When I cook, I will prepare all the ingredients first and before starting to cook. This way I am not racing when something is ready, and the other ingredients are not. It’s nice to have everything cut and prepped and ready to go. I cut, chop, and keep nearby each ingredient in a bowl or plate waiting on its turn in line…or when its step comes up in the recipe. Likewise, having all the cooking equipment at the ready keeps you from hunting it when that moment comes.

Here’s how we are going to prepare this. We’re going to get more detailed in the next section:

Step 1: Brine and Roast a Whole Chicken.

Step 2: Debone that chicken and have it at the ready.

Step 3: Cut everything up and have it at the ready.

Step 4: Sear the Andouille Sausage Medallions. 

Step 5: Make a Roux.

Step 6: Sauté the onions and garlic.

Step 7: Toss in the bell peppers, celery, and tomatoes.

Step 8: Add the Roux.

Step 9: Add the beer and broth…one or the other or both.

Step 10: Get it all up to a Simmer.

Step 11: Add the filé and the thyme.

Step 12: Check for Saltiness and Add Salt if Needed

Step 13: After a bit of Simmering, Check the Saltiness Again.

Then, Bon appétit! 

Ready to Cook

Let’s Get Detailed:

Step 1: Brine and Roast a Whole Chicken. 

Mamma used to boil her chicken and then use the liquid as the stock for the gumbo. We ain’t going to do that (sorry mamma). We’re going to roast that chicken and then use the deboned and roughly cut meat in our gumbo. 

First, we are going to brine the chicken for a few days before we create our Gumbo. Then we are going to roast that chicken. Here’s the neat part: you can roast the chicken a day or so before you make your gumbo. It’s all good. 

And, if you have a hunkerin’ for some gumbo and haven’t any brined, roasted chicken…then you can bypass the brining and just roast a chicken. Another quick fix are those rotisserie chickens down at the market. They will work in a pinch.

I have an article on brining chicken (and meats in general). Very detailed and yet to-the-point:

Hot Brine Method: https://beerandiron.com/basic-beer-brine-recipe

Cold Brine Method: https://beerandiron.com/how-to-beer-brine-whole-chicken

How to Roast a Whole Chicken: https://beerandiron.com/simple-roasted-chicken

Step 2: Debone that chicken and have it at the ready.

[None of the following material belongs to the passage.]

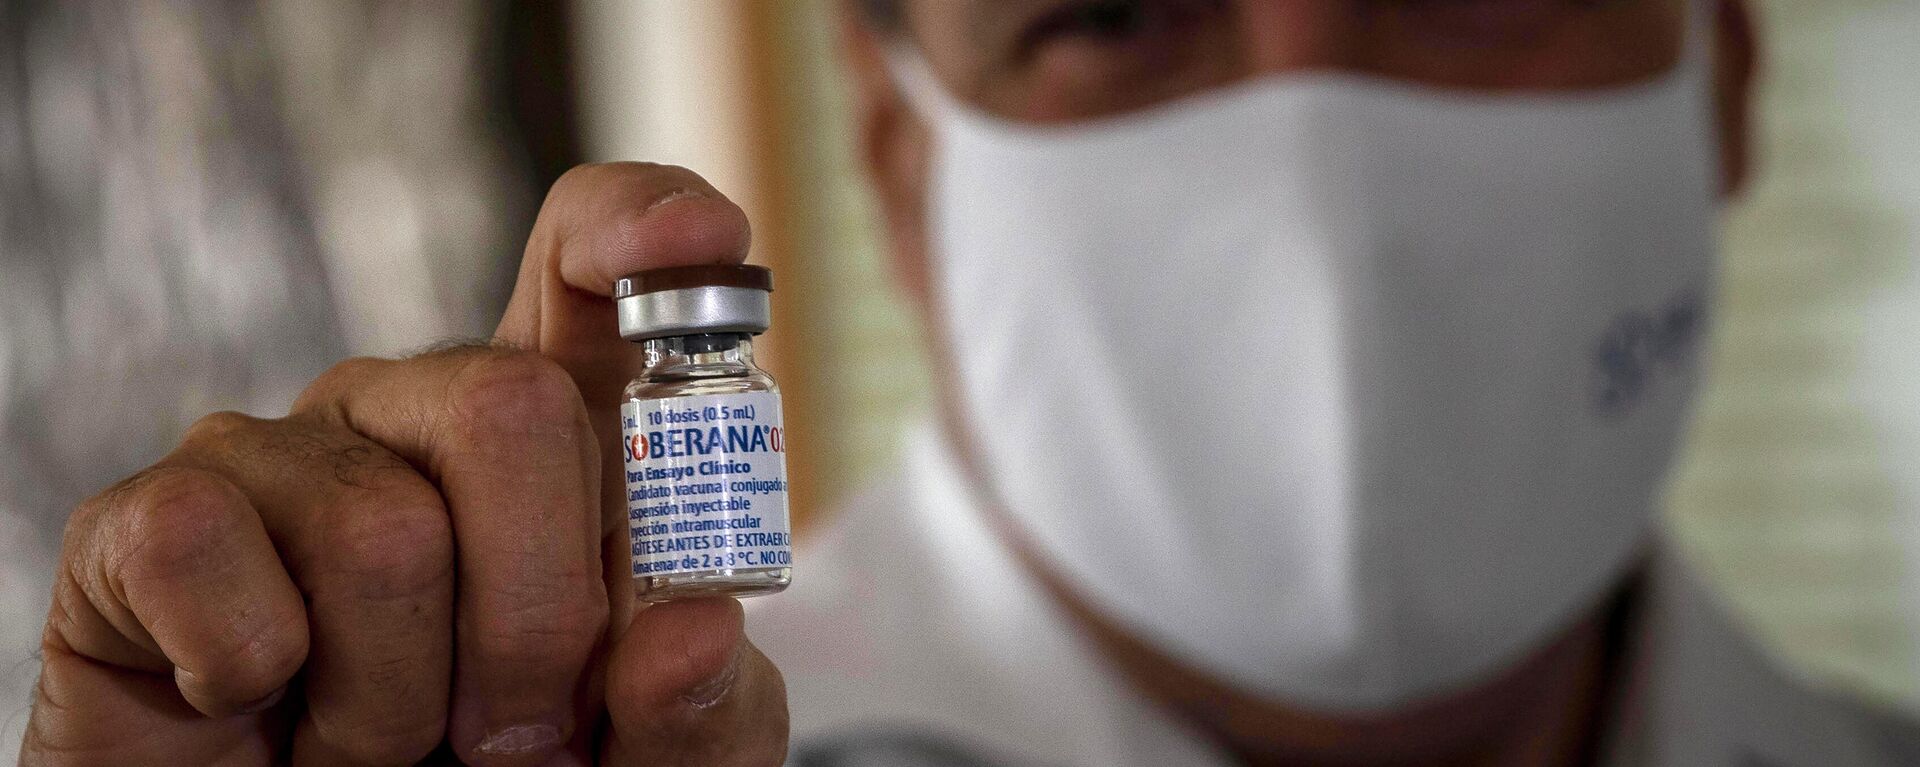 Un médico sostiene la vacuna cubana Soberana 02 contra COVID-19 - Sputnik Mundo, 1920, 20.11.2021

After you have roasted your chicken, let it cool to a point where you ain’t gonna be hollering “Sam Hill!” when you grab ahold of those hot parts of that chicken. Then, cut the chicken meat up into larger, mouth-sized portions.

Step 3: Cut everything up and measure everything out. Have it at the ready.

Cut up the onion and mince the garlic. Keep these two in one bowl. In another bowl, store your prepared celery, bell pepper, and the tomatoes.

Also, slice up the Andouille Sausage in to round medallions. If you don’t have andouille sausage, you can experiment with other sausages. Andouille is preferred but your gumbo will be delicious with other sausages.

Measure your oil and flour for your Roux. Measure the filé and thyme and have it ready.

Step 4: Sear the Andouille Sausage Medallions. 

In a 5-quart cast iron Dutch oven over medium to medium high heat, sear (brown) your andouille sausage. Andouille is pretty fat self-sufficient; we often don’t add any oil to the pan. But, if your andouille is looking sorta on the slim side, add a bit of oil or bacon grease to the bottom of that Dutch oven. No worries.

Once all the medallions are browned/seared on both sides, remove them from the pot and set aside. 

You can substitute other sausages if you can’t find any andouille sausage. Again, no worries.

Step 5: Make a Roux.

I said there was only one rule earlier…I told a fib…there’s two. You really can’t have a gumbo without a roux. Well you can; many early, pre-World War II gumbos were created without roux. Here’s a VERY COOL link to a 1922 cookbook called The Picayune Creole Cookbook. https://openlibrary.org/books/OL6643212M/The_Picayune_Creole_cook_book. (Let me know if the link isn’t working).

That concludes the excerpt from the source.